_What is required_
Could you retype the entries below exactly, omitting every picture?

(Stored data entries)

----

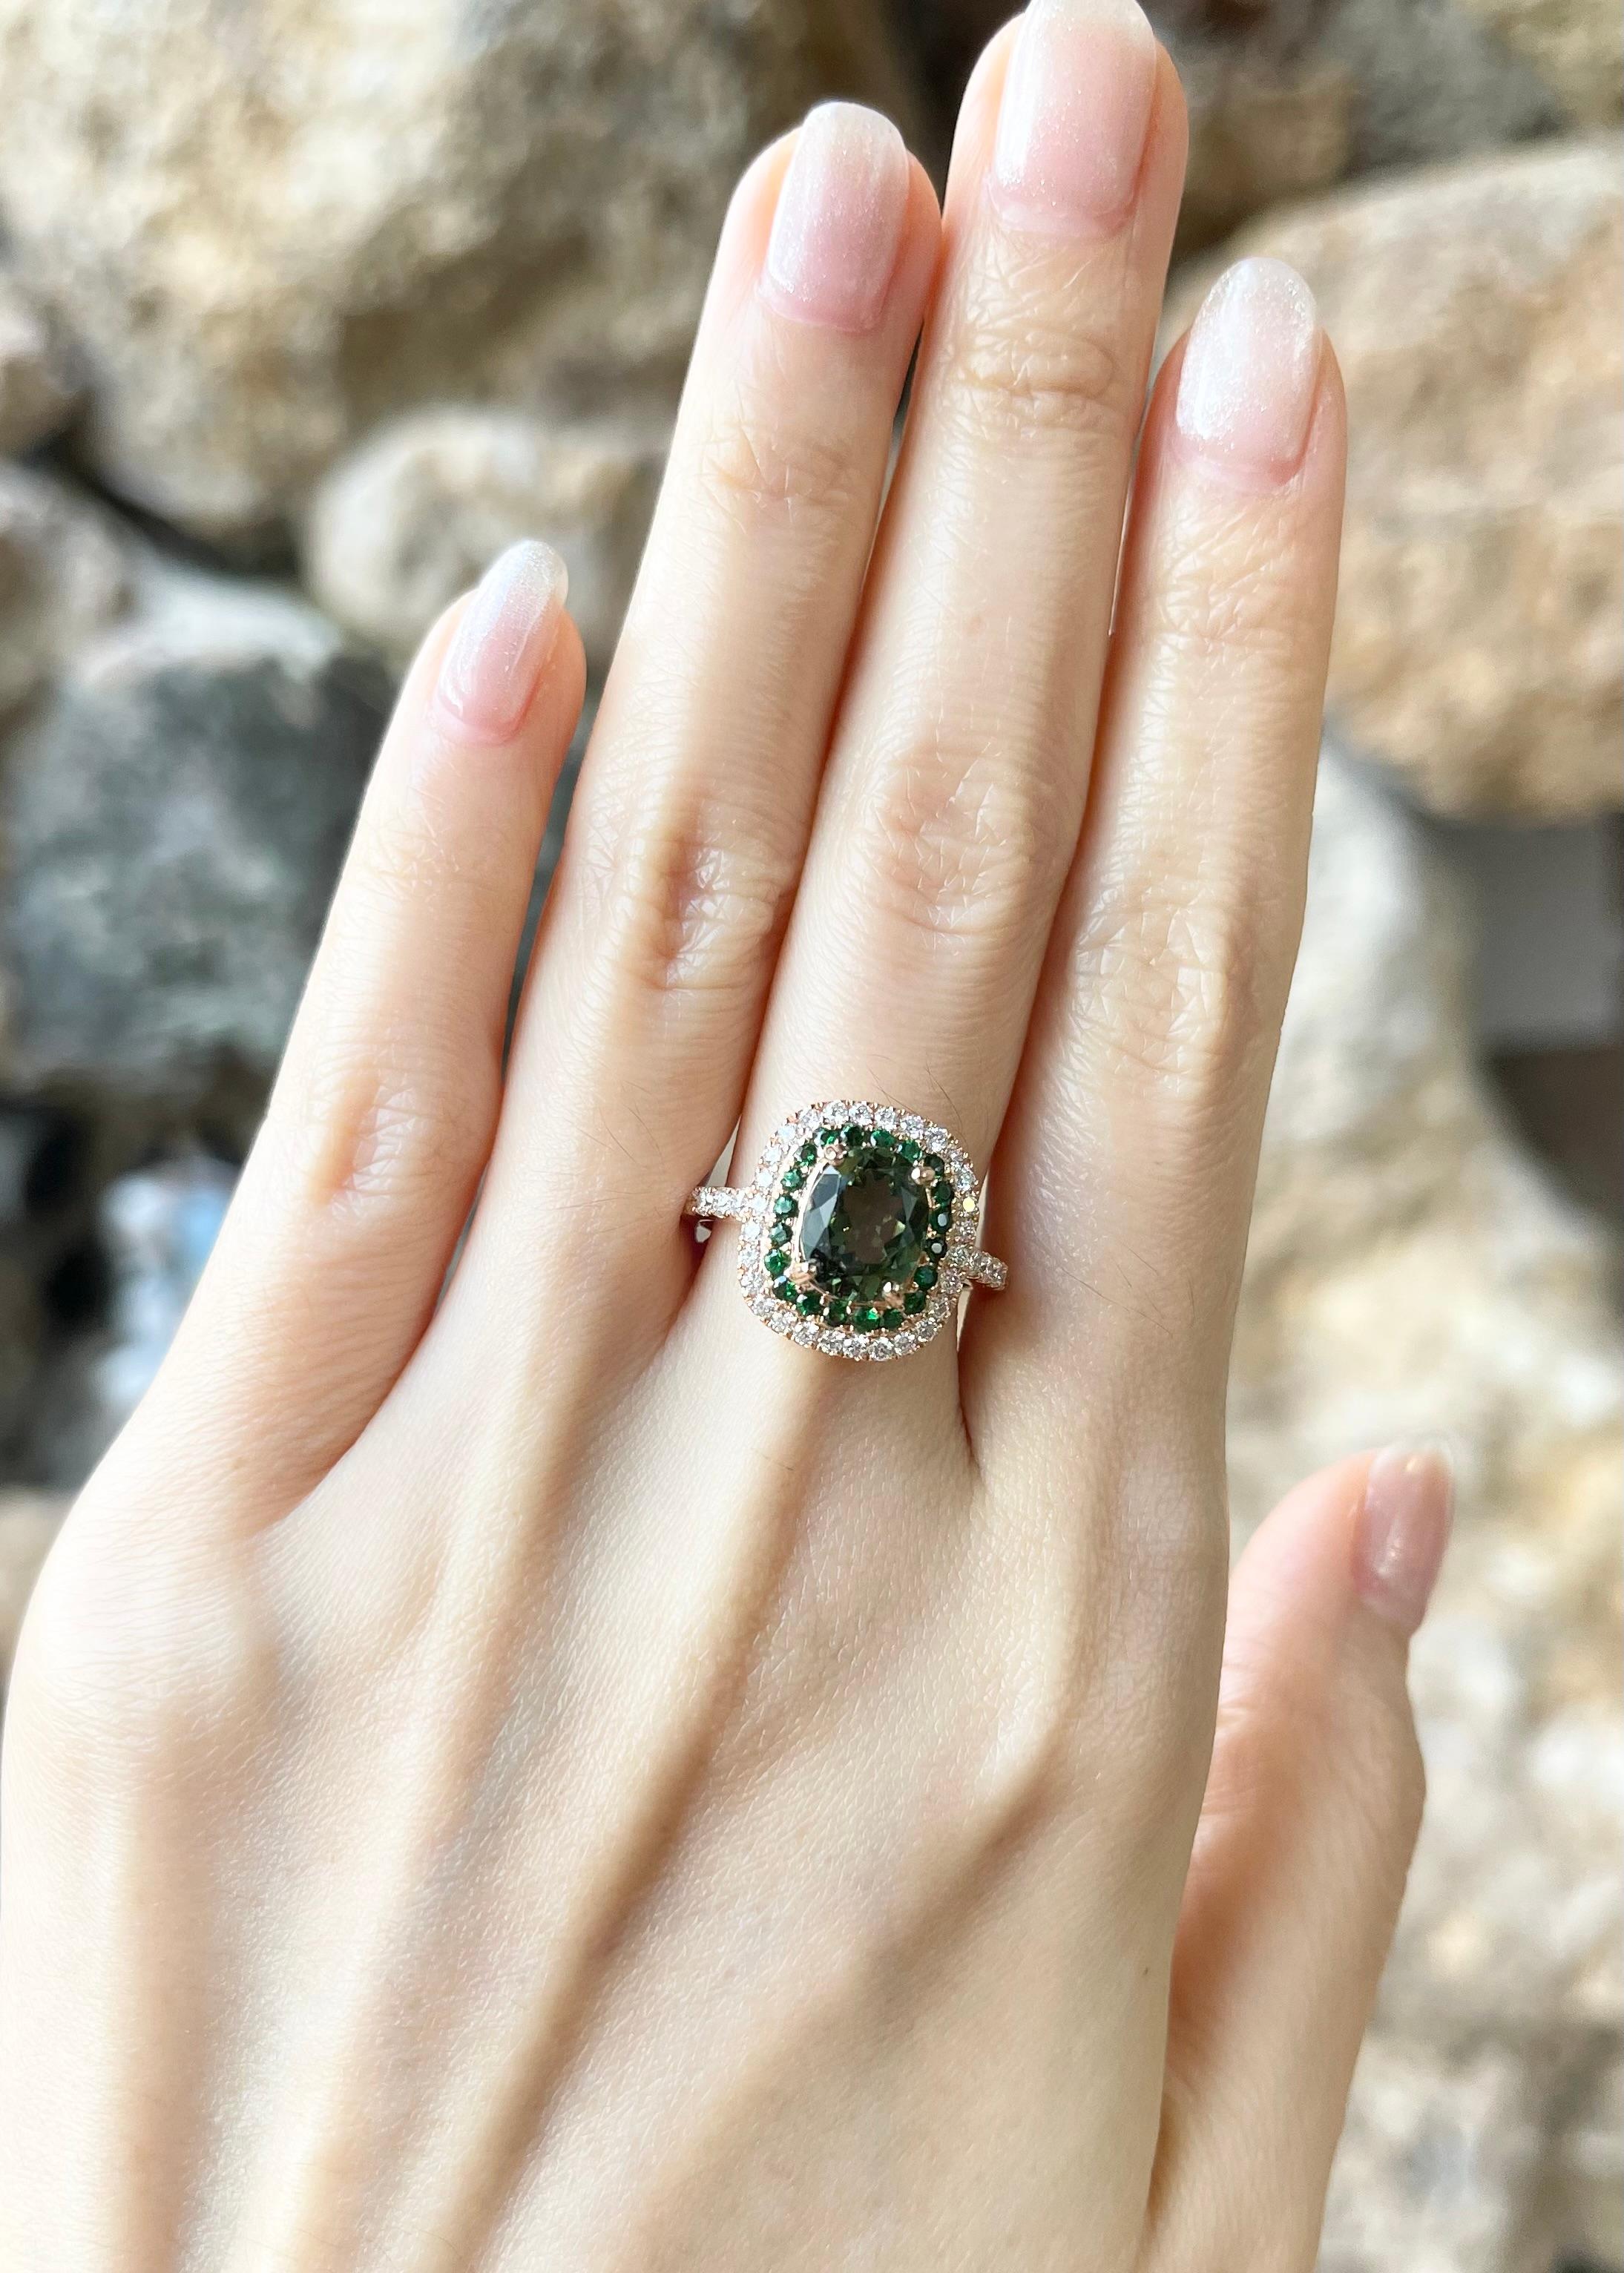 Saphir vert 1,83 carats, Tsavorite 0,40 carat et Diamant 0,58 carat Bague en or rose 18 carats

Largeur :  1.3 cm 
Longueur : 1.5 cm
Taille de l'anneau : 54
Poids total : 5,48 grammes

----

_Exercise response_
 Saphir vert 1,83 carats, Tsavorite 0,40 carat et Diamant 0,58 carat Bague en or rose 18 carats

Largeur :  1.3 cm 
Longueur : 1.5 cm
Taille de l'anneau : 54
Poids total : 5,48 grammes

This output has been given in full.